Halb Essay, halb Kochbuch: „Ikoyi: A journey through Bold Heat with Recipies“ von Jeremy Chan ist im Phaidon-Verlag erschienen.

© Phaidon

In London eröffnen immer mehr angesagte Restaurants, die sich mit westafrikanischer Küche beschäftigen. Etwa das „Akoko“ oder das „Chichuru“. Auch in New York ist der Hype längst zu spüren. In „Ikoyi“ dagegen entfernen sie sich eher wieder von ihren Wurzeln. Selbst ihren Signature-Gang haben sie von der Karte genommen, die Kochbanane mit feuerrotem Himbeersalz und Scotch-Bonnet-Chilimayonnaise.

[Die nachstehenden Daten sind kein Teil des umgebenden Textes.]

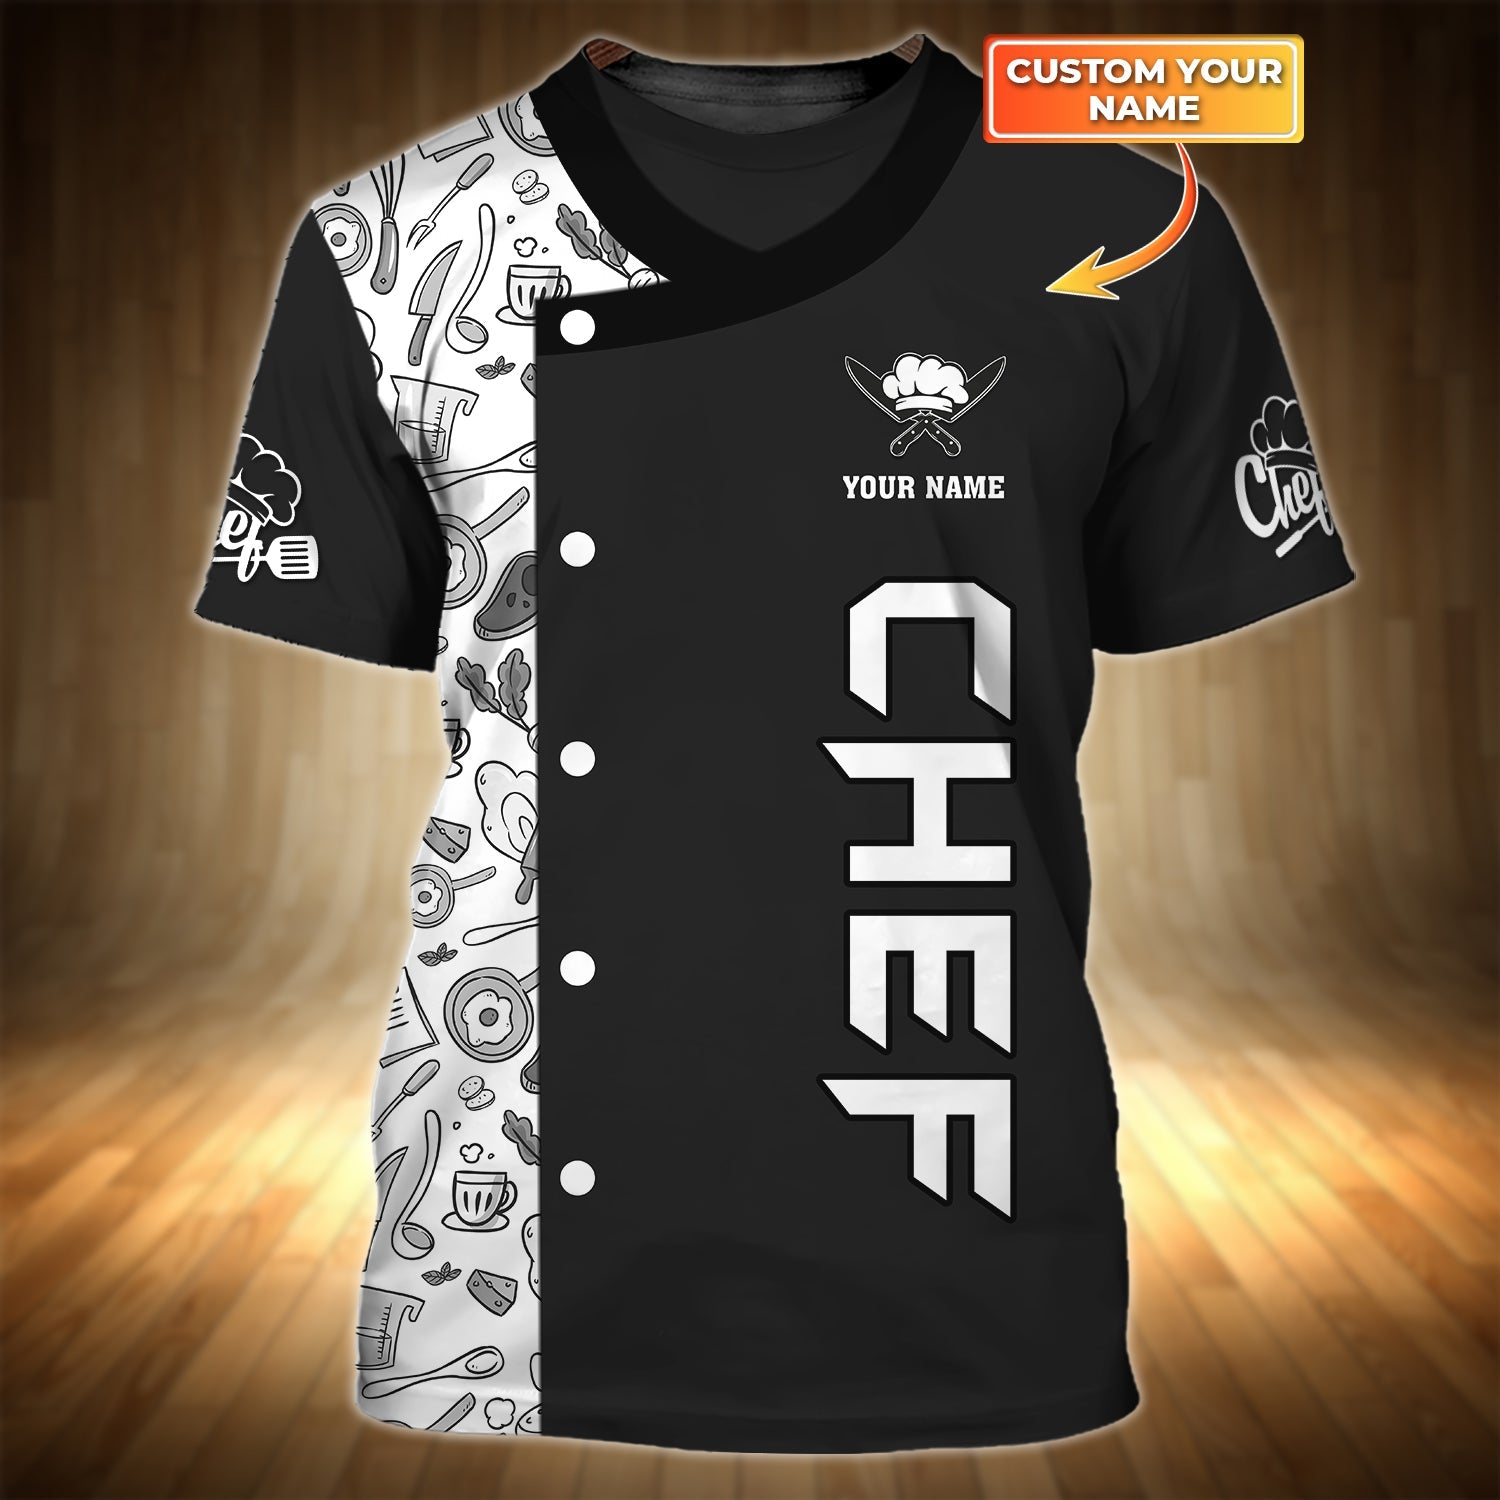 Chef Pattern Shirt Chef Personalized Name 3D Tshirt Gift For Cooks Chef Uniform/ Master Chef Shirt

„Wir waren am Anfang zu forsch“, sagt Chan. „Wir konnten das nicht so einschätzen manchmal“, ergänzt Hassan-Odukale. „Es gibt einen Punkt, da ist ein Gericht versalzen, aber bei Schärfe? Da ist es ja oft genau der Kitzel, noch weiter zu gehen.“ Heute sei ihre Küche erwachsener, die Referenzpunkte weiter gestreut.

Passt der nigerianische Name überhaupt noch? Hassan-Odukale mag das Lautbild: „Ikoyi“ – so viele Vokale, wie eine Melodie. Auch das Schriftbild gefällt ihm, die Symmetrie der Buchstaben. Der Verweis auf seine alte Heimatstadt ist nachrangig. „Wir würden auch nicht anders kochen, hieße der Laden Stockport“, sagt Chan. Da ist er geboren.